Los recuerdos no paraban y con cada pensamiento sentía como que lo vivía otra vez, su piel se erizaba, recordó cómo su mamá aún más que él, esperaba los actos del Día de la Madre que preparaban en el colegio; recordó cada instante, cada detalle de su vida. Parecía que habían pasado frente a sus ojos 27 años en un momento, pero a lo sumo había estado parado 20 minutos. Respiró profundo y se reincorporó.

También recordó otras palabras que su madre le había dicho por teléfono, a la distancia, aquellas palabras que estaban en su corazón. “Tú y yo nunca estuvimos lejos, tú y yo siempre estuvimos cerca a pesar de los miles de kilómetros que nos separaban, estuvimos juntos porque un hijo es el corazón de una madre, no importa cuántos tenga, cada uno es una parte y nunca pueden estar separados”. Cerró el libro que tenía en sus manos, limpió sus lágrimas y se dispuso a escribirlo todo.

Otros detalles

Fueron  tan creativos los aportes que, pese a no haber quedado dentro del relato principal, vale la pena que los lectores conozcan parte de ellos.

“Comprendió que las noches en vela que lo esperó para verlo venir con tragos de más y de mal humor. ¿Cómo podía hacer para borrar ese dolor? O cuando ella, enferma, intentó encontrar consuelo en él y lo único que consiguió fue una reprimenda. Ahora, el día de la madre, llevarle flores, recordar las manualidades, comprarle libros, nada de eso servía...” (Maggy Castellanos)

“El librero no se imaginaba siquiera cómo ella había soñado desde niña con viajar. Desde su mente soñadora había recorrido el mundo en viajes inimaginables, junto con su mamá. He ahí que en ese momento llegó a ver la foto que tenía el libro al abrirlo y dijo: Un viaje, un viaje para mi madre y salió corriendo de la librería. (Luis Álvarez)

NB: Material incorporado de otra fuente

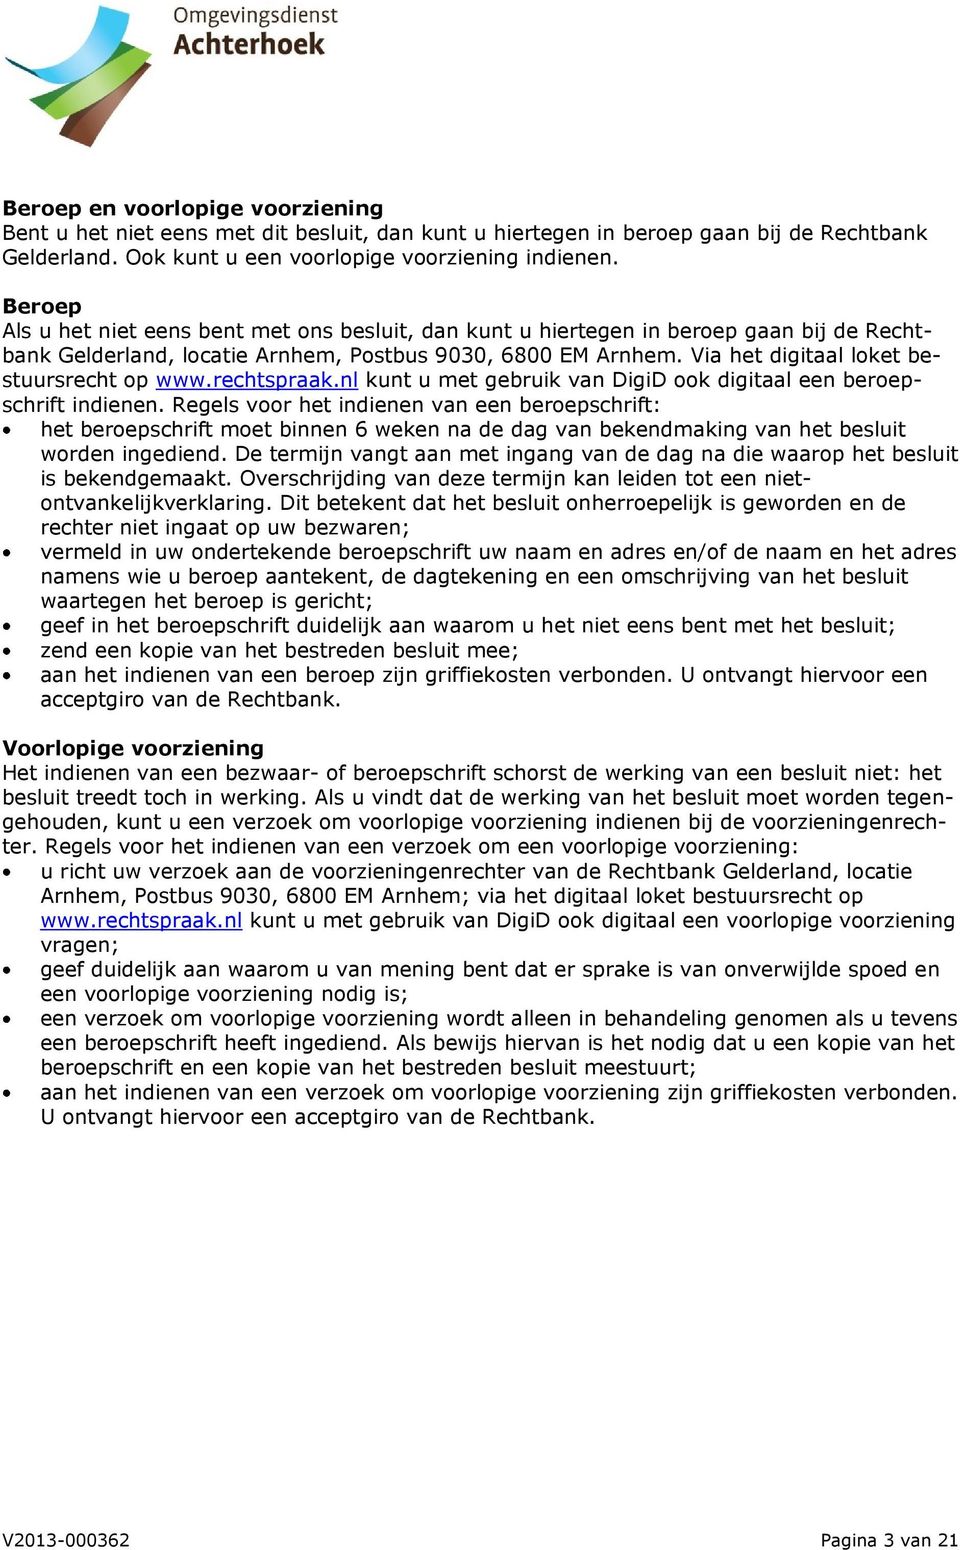 Via het digitaal loket bestuursrecht op www.rechtspraak.nl kunt u met gebruik van DigiD ook digitaal een beroepschrift indienen.

Era una fresca tarde y el sol empezaba a ocultarse tras las verdes montañas, pero en la mente de Rodrigo la idea de un viaje para su mamá seguía cobrando forma... ahora la pregunta era ¿a dónde? (Paty Mejía).

“En ese momento rodaron unas lágrimas. Las imágenes venían y venían sin parar las veces que con su paciencia y cariño iba a arroparlo, acompañada siempre de un cuento en el que juntos viajaban a los lugares más sorprendentes. Qué recuerdos más bonitos”. (Haydee Calderón de Polanco)

Un relato gestado a  varias manos

El martes 7 de mayo se publicó un texto inicial en el perfil en Facebook de Prensa Libre, con la propuesta de que los lectores se convirtieran en escritores, y le dieran seguimiento y desenlace.

A partir de las 52 colaboraciones, y según la  continuidad aportada, se seleccionaron 10 textos.

Autores: Mario Hernández, Jean Val Jean, José Ovando,  Velveth Escobar Estrada, Karlo Soto, Marissela Chacón,   Paty Medina de De Lacruz, Ervin San Juan, Anielka Díaz de Riz,  Francisco Catalán y Lisbeth Herrera.